Rumänien Donau Zapfsäule

... und etwas moderner

Für den nächsten Morgen hat Julka eine kleine "Produktshow" organisiert. Mehrere Frauen im Dorf weben die Wollteppiche mit den Mustern, die an kaukasische oder indianische erinnern, und doch von hier aus dem 16. Jahrhundert stammen. Wer will, darf auch selbst mal an den Webstuhl.
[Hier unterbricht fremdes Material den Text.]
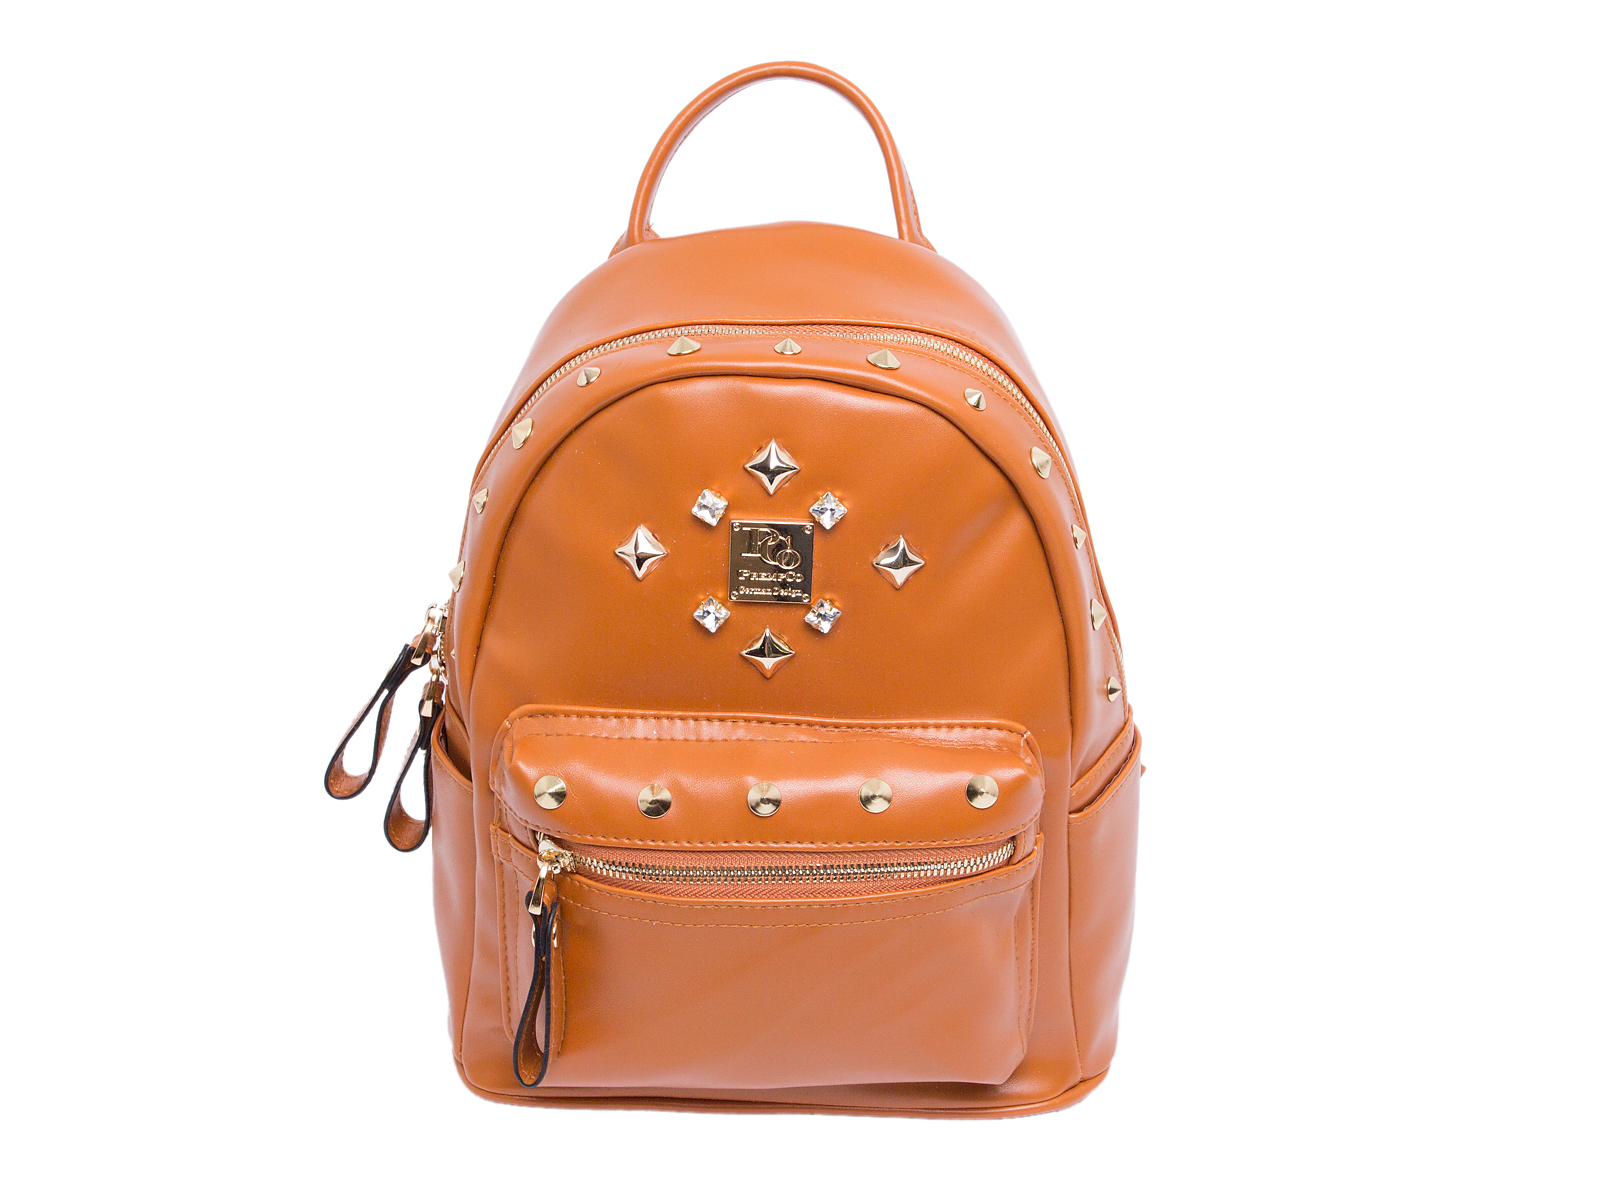 PCo mini damen rucksack Braun Designer Rucksack Luxus

Als am Ende aber nur zwei der Besucher auch kaufen, den kleinsten Unterleger zudem, kommt es sie doch hart an und es gräbt sich ein bitterer Zug um ihren Mund.

Rumänien Donau Abendstimmung

Abendlicher Abschied von der Donau

Und deshalb soll mit Julka diese Reise zu Ende gehen, auch wenn da noch die roten Sandsteinfelsen von Belogradtschik wären, die aussehen wie Bären, Madonnen und Raketen und auch so heißen, das Mädchen mit Salz und Brot in Zwetans Hotel und die Höhlenmalereien von Magura - Kopf hoch, Julka aus Tschiprovzi, auch wenn die Sache mit dem Tourismus sich nicht so einfach anlässt. Und auch du, Adriana aus Hermannstadt: Es geht weiter. Viel zu schön, eure Länder, als dass sie auf Dauer einfach übersehen werden könnten.